Dataset content ->
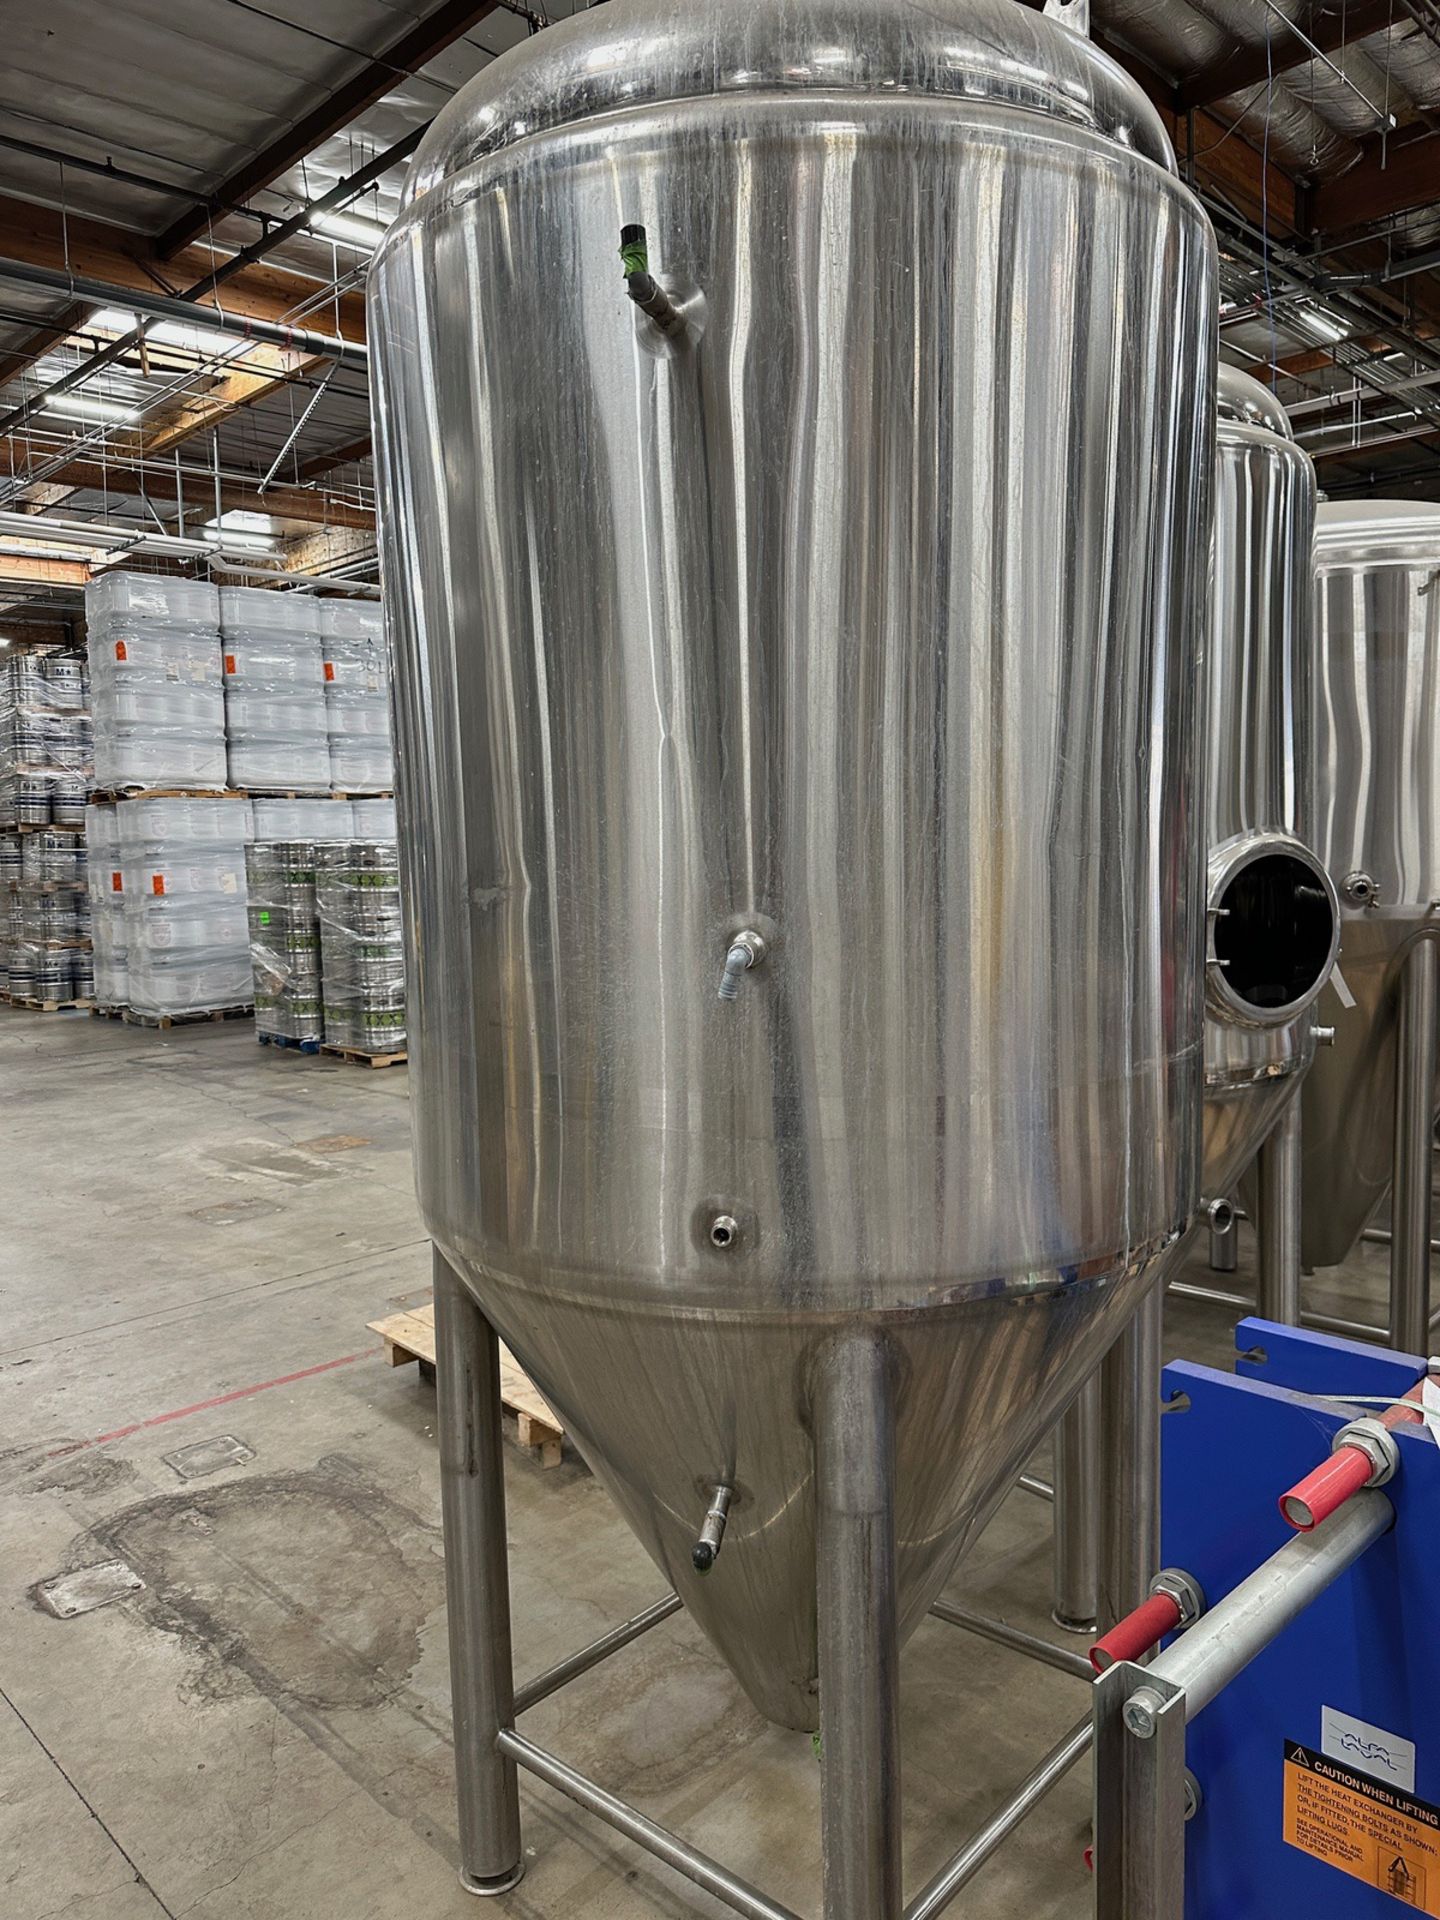 15 BBL Stainless Steel Fermentation Tank, Cone Bottom, Glycol Jacketed, No Fittings | Rig Fee $750 - Image 2 of 2
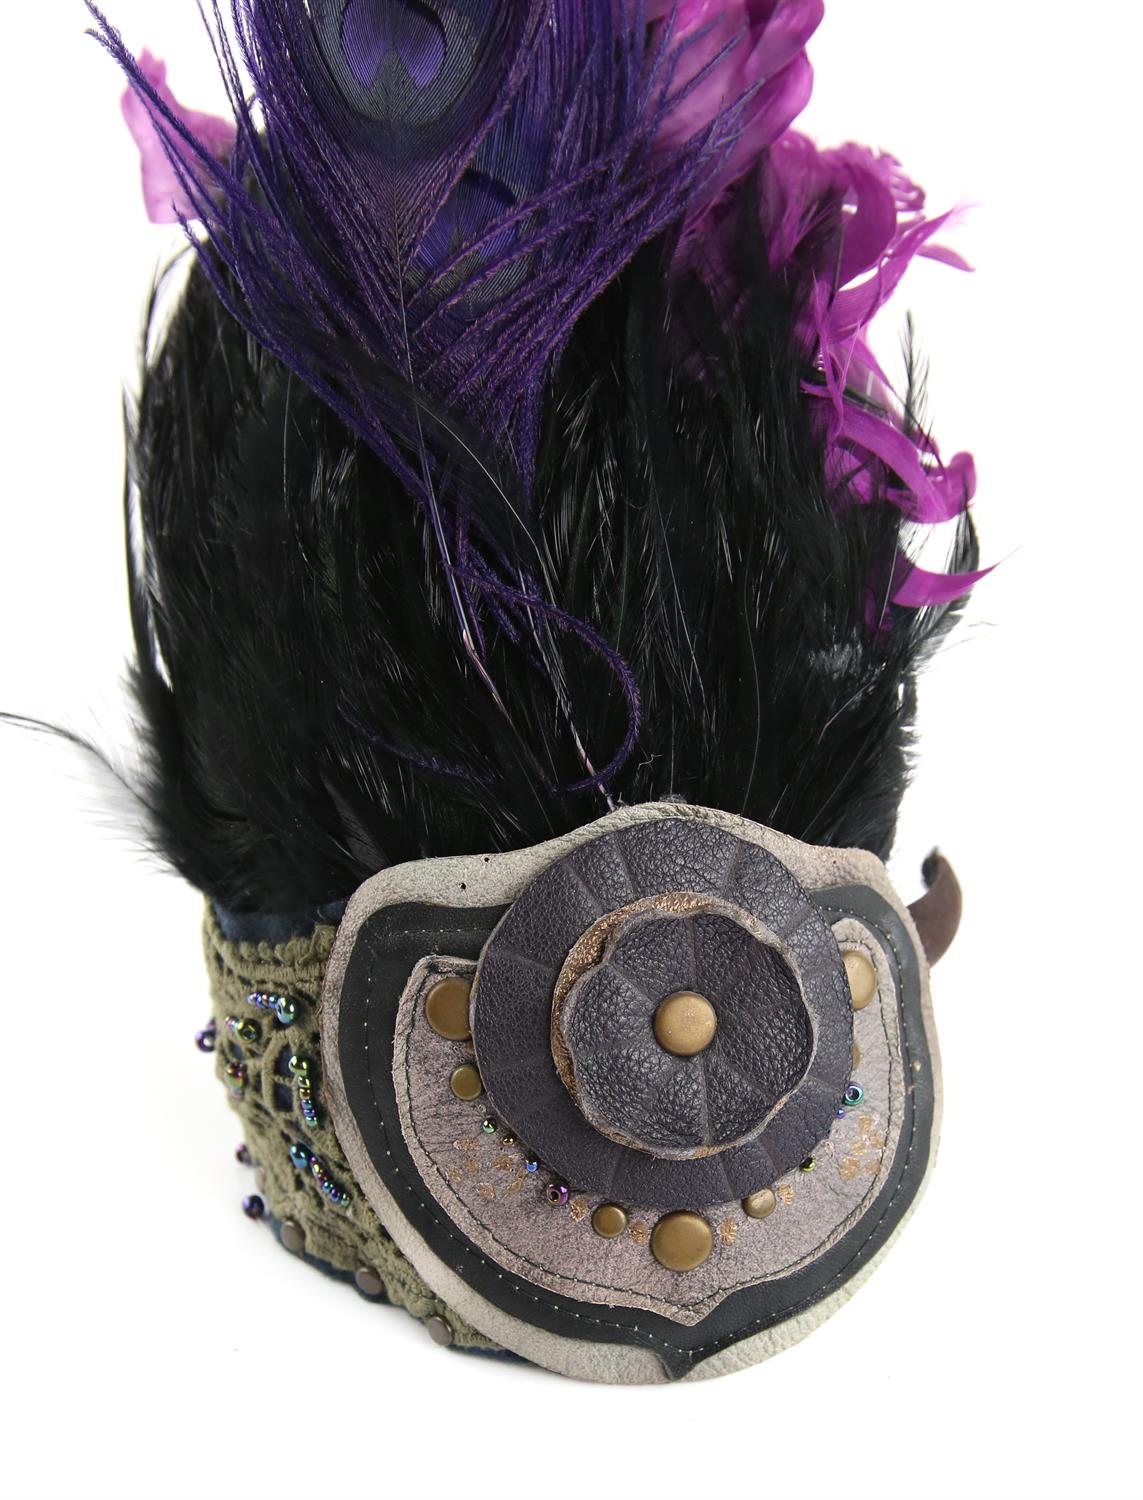 Lady Gaga - a purple feather headdress from the Monster Ball tour, 2009 - 2011, Bedford Falls - Image 5 of 6
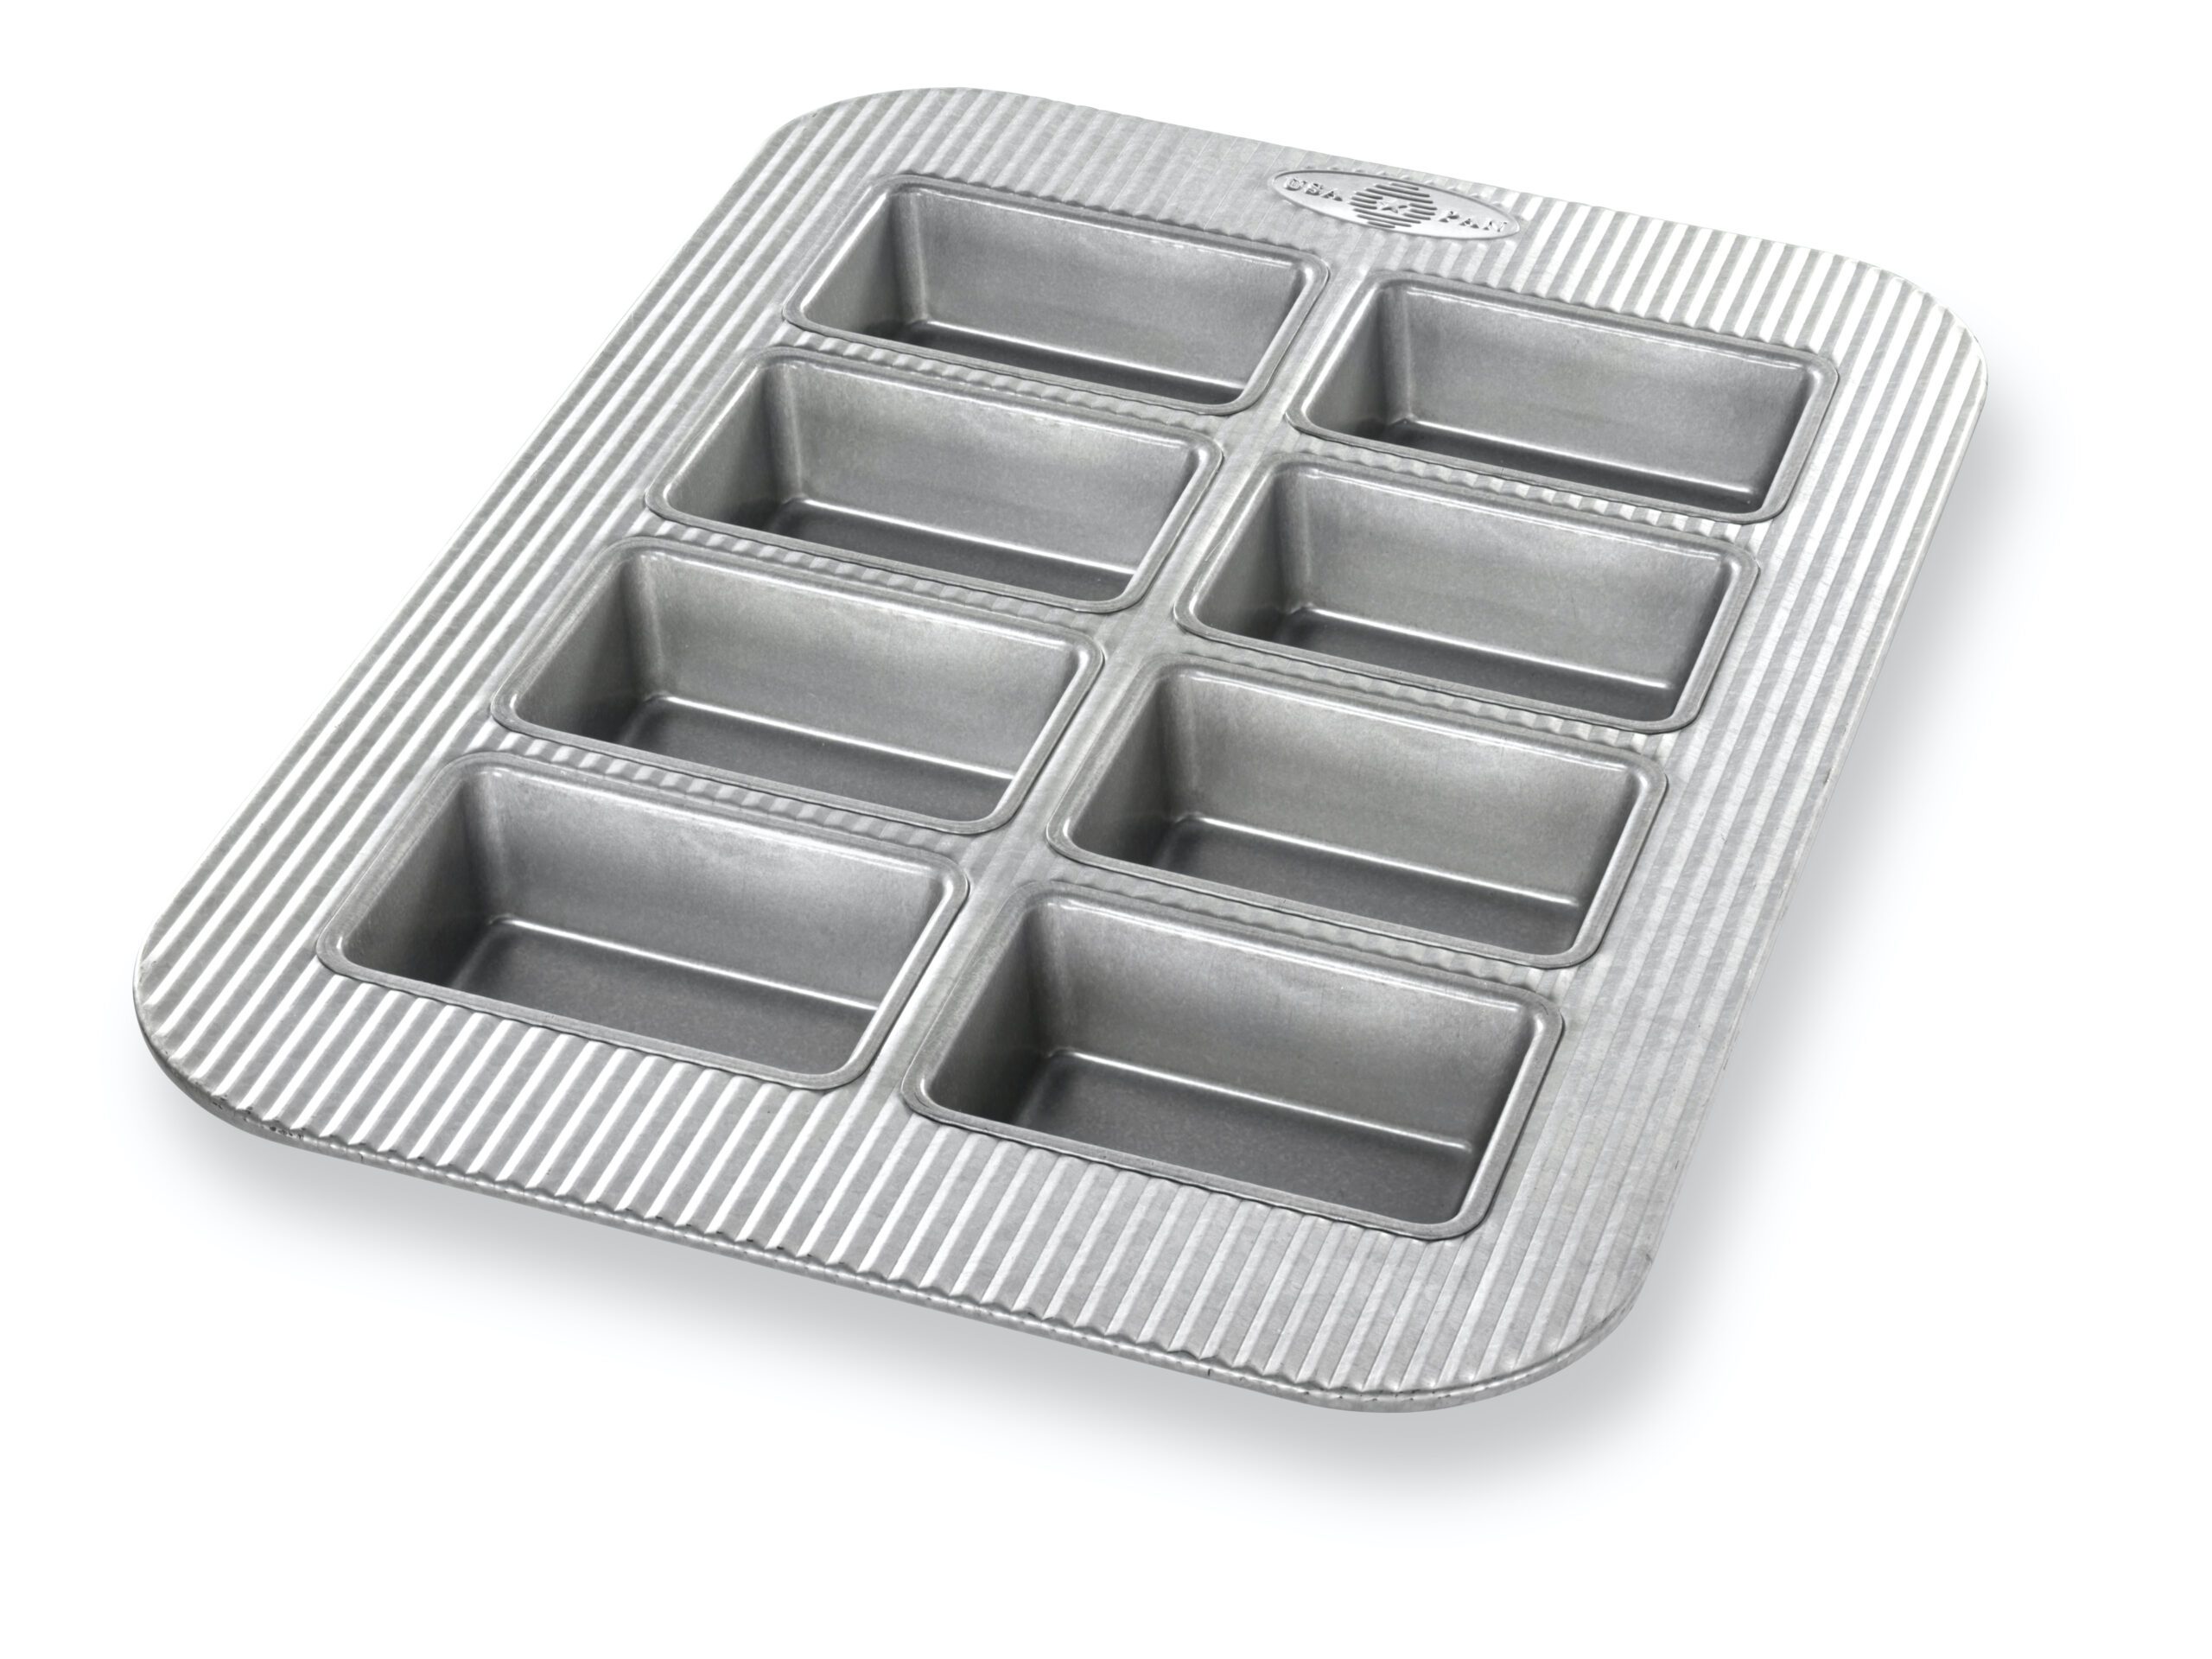 Square Cake Pan for Baking Delightful Cakes

Exercise brief -> Before you return the listing, strip out its pictures; all else must match exactly.

Answer to the exercise ->
 15 BBL Stainless Steel Fermentation Tank, Cone Bottom, Glycol Jacketed, No Fittings | Rig Fee $750 - Image 2 of 2
 Lady Gaga - a purple feather headdress from the Monster Ball tour, 2009 - 2011, Bedford Falls - Image 5 of 6
 Square Cake Pan for Baking Delightful Cakes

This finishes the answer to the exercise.